Exploratory Data Analysis

I profiled the dataset (10K rows; 12+ features) and visualized correlations and churn rates across key dimensions to form early hypotheses. The target Exited showed strong relationships with Age, Geography_East, IsActiveMember, Balance, and Gender, indicating these would carry predictive signal. Churn was imbalanced (~20%), requiring stratified splits and class-aware metrics. I also surfaced distribution quirks (e.g., many zero balances) and group differences (e.g., older customers and specific product-count bands showing higher exit rates) that guided later feature and threshold choices.

Data Cleaning

Data validation flagged impossible values: Age = 190 and Tenure = 30 for a 29-year-old. I corrected these via regression imputation for Age (from IsActiveMember; imputed to 37.8) and mean imputation for Tenure (5.0), preserving realistic relationships. Three missing CreditScore values—associated with high-income, multi-product clients—were imputed to 650 (domain-consistent). I retained two edge CreditScores (305, 865) given real-world variability, ensuring we didn’t truncate legitimate signal. The cleaned dataset reduced bias risk and stabilized linear and tree-based training.

Feature Engineering

To enrich demographics, I left-joined 2010 U.S. Census surname data (coverage for 162,255 surnames) to derive ethnicity percentage features and name frequency. For relational effects, I created a “Relative” feature using the prop100k surname frequency: after 50 chi-square tests across thresholds [0.01, 0.5], I selected 0.055 to flag uncommon shared surnames as likely relatives. While “Relative” proved weakly predictive, the census features improved interpretability and segmentation.

Model Training

I trained Logistic Regression, Random Forest, and XGBoost to compare linear vs. ensemble learners, optimizing primarily for Recall due to the higher cost of missed churners. All models used stratified CV and class-imbalance handling.
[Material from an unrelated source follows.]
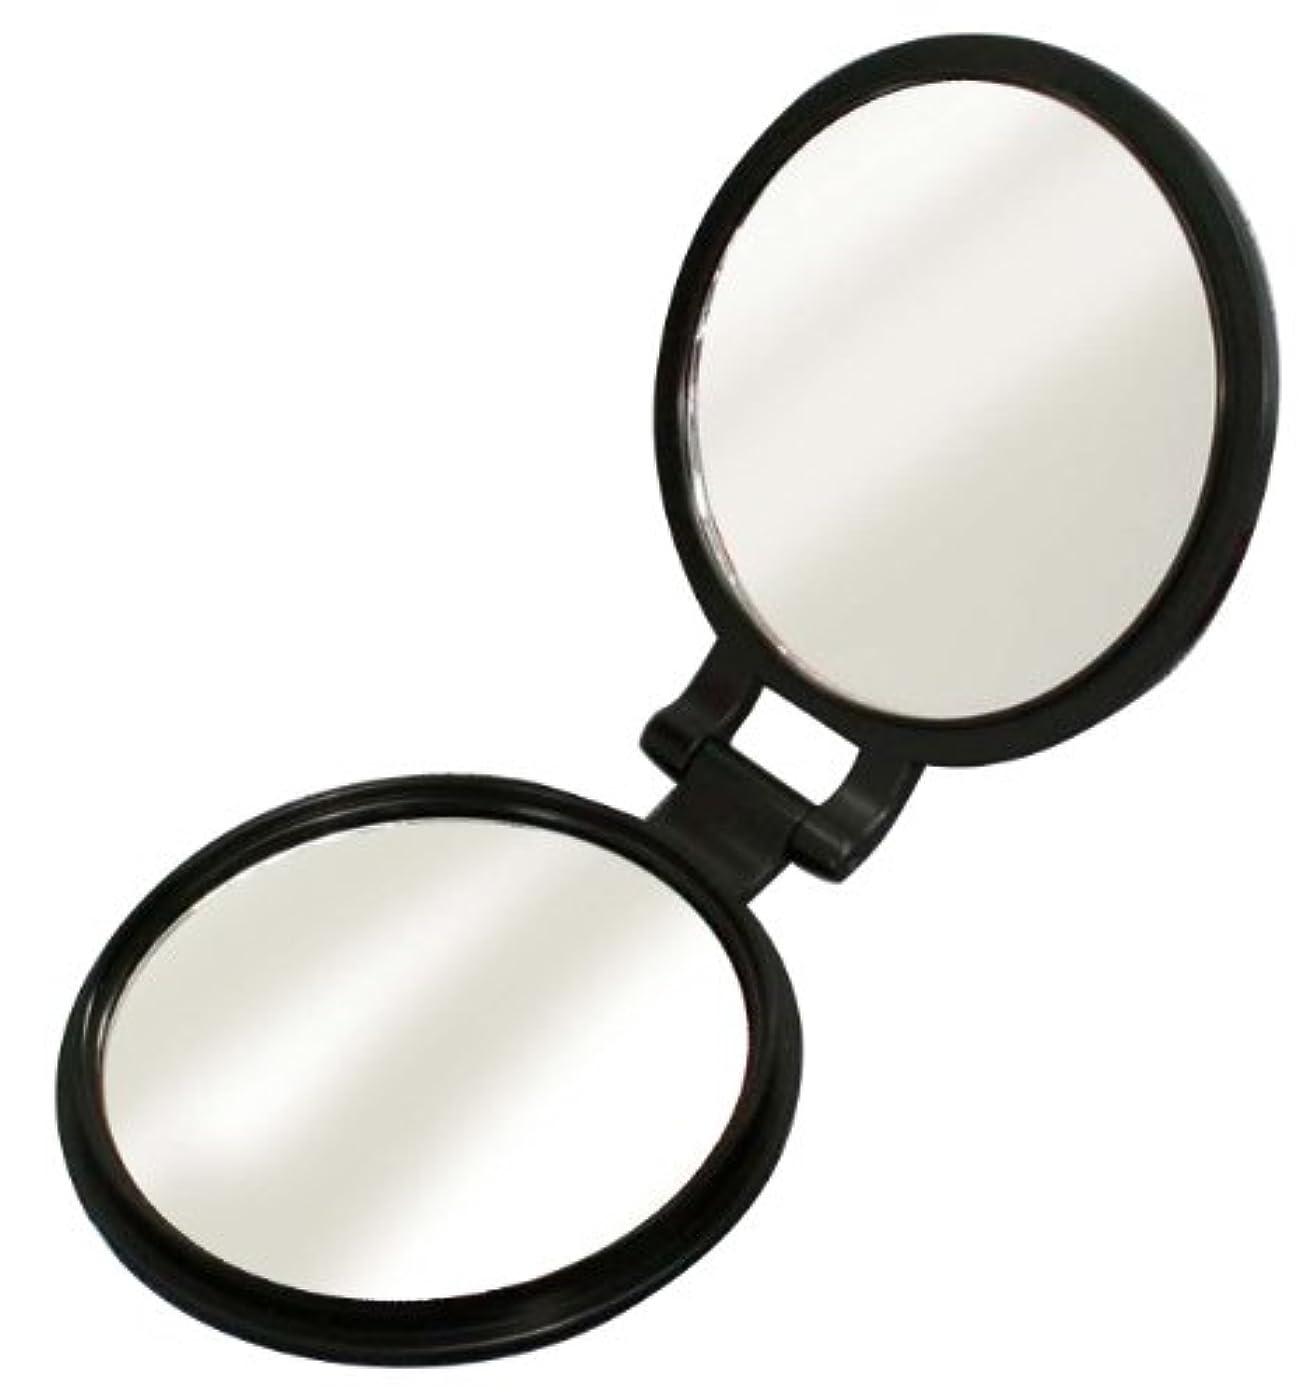 有効雄弁家また明日ね10倍拡大鏡付き 両面コンパクトミラー YL-10

Results (mean ± σ):

• Logistic Regression: ROC-AUC 0.75 (±0.02), Recall 0.71 (±0.04), Precision 0.64 (±0.02)
• Random Forest: ROC-AUC 0.86 (±0.02), Recall 0.76 (±0.05), Precision 0.50 (±0.03)
• XGBoost: ROC-AUC 0.87 (±0.03), Recall 0.77 (±0.03), Precision 0.50 (±0.02)

XGBoost delivered the best recall with the lowest variance, so its predict_proba outputs powered the decision function.

Recommendations

I translated model insights into client-management actions prioritized by EV. The top risk segments were >40 years old, female, digitally active, 3–4 products, and balances >$75k—high-value clients warranting proactive retention. The East division consistently surfaced as a predictor, pointing to potential competitive pressure or operational issues worth investigation. With business inputs set to $1,000 churn cost, $500 promo cost, 80% promo effectiveness, and $1 wrong-action cost, the strategy recommended 1,510 targeted promotions (vs ~2,500 naive churn flags), focusing spend where expected value per customer peaked at ~$266.

Dashboard

To operationalize the workflow, I built a Dash + Flask app that serves real-time predictions and a ranked customer table. Advisors can (1) search by CustomerID, (2) view probability + confidence, and (3) see rank by EV given the current business cost settings. The UI surfaces the key drivers next to each prediction—Age, Number of Products, Digital Activity, Balance, Gender—to support conversations with clients. The app was containerized and deployed on an EC2 instance in 2021, enabling lightweight access for management and front-line teams.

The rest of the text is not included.